The oil prices fell heavily in Asia and in the world after Saudi Arabia had decided to lower its prices on delivery and that Russia is opposed to any new reduction in production.
This crisis is explained in particular by a strong production exposed to a demand at half mast due to the spread of coronavirus worldwide.
Indeed, this Monday, March 9, 2020, the two main oil supply contracts were down 20%, the price of WTI (West Tewas Intermediate) stood at 32 dollars per barrel and that of the Brent at 36 dollars per barrel.
In a weekend, oil prices have just lost 30%. While the barrel flirted with the $ 70 last January, and overrated at $ 45 on Friday, it comes under the threshold of $ 30 on certain markets.
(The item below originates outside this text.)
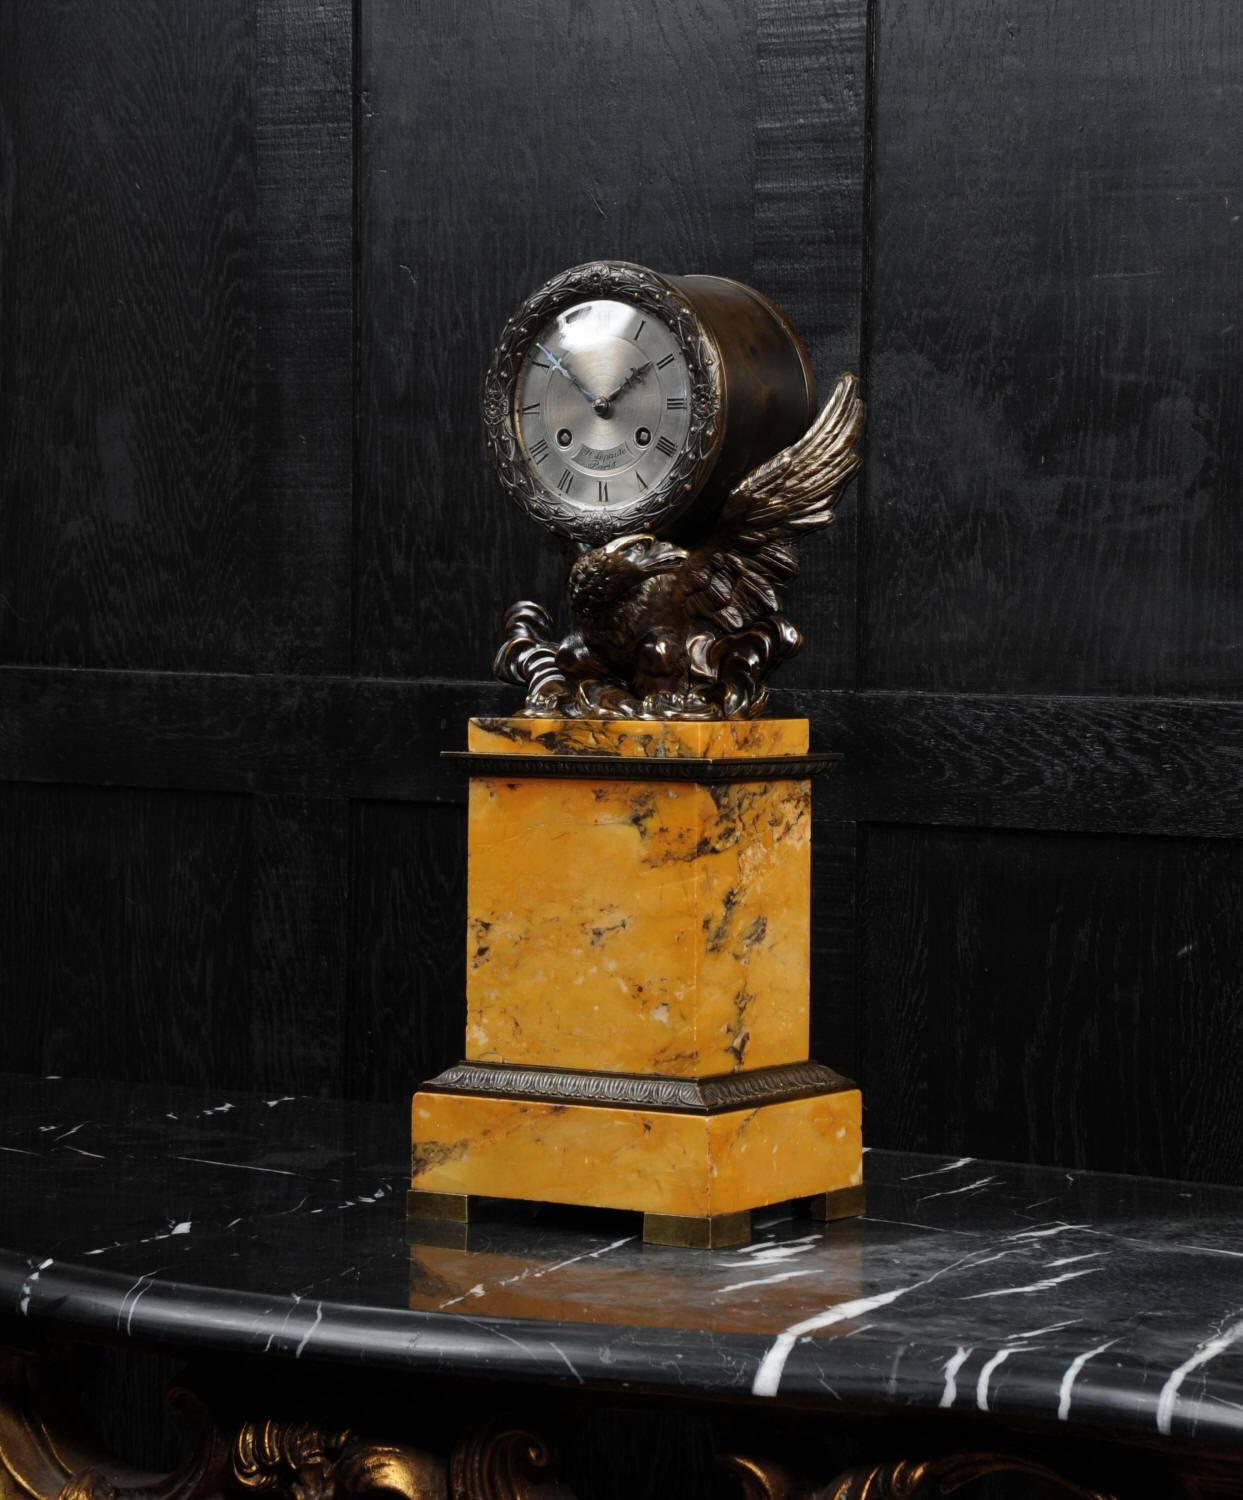 A stunning early clock from the famous Lepaute dynasty of clockmakers, fully overhauled and working. A superbly modelled bronze eagle carries the clock upon its back, perched upon a rock. The plinth is of beautifully figured Sienna marble mounted

It is also found at 29.39 in New York and 33.11 in London.
Tunisia, which has set its forecasts within the framework of the 2020 to $ 65 finance law for the current year, could indeed benefit from this drop, unprecedented since the Gulf War in 1991, if these prices stabilize at these levels.
The production of crude oil of the Tunisian company concessions for petroleum activities (ETAP) experienced an 8% drop in 2019 compared to 2018 with 10,061,051 barrels (BBLS).
ETAP specifies that the drop in oil production of its concessions is mainly due to the poor performances of the Anaguid, Durra, Oued Zar, Hasdrubal, Franig, Sandfa, Rhemoura and Sabria fields, and the natural decline in the production of the Adam and Ashtart fields “.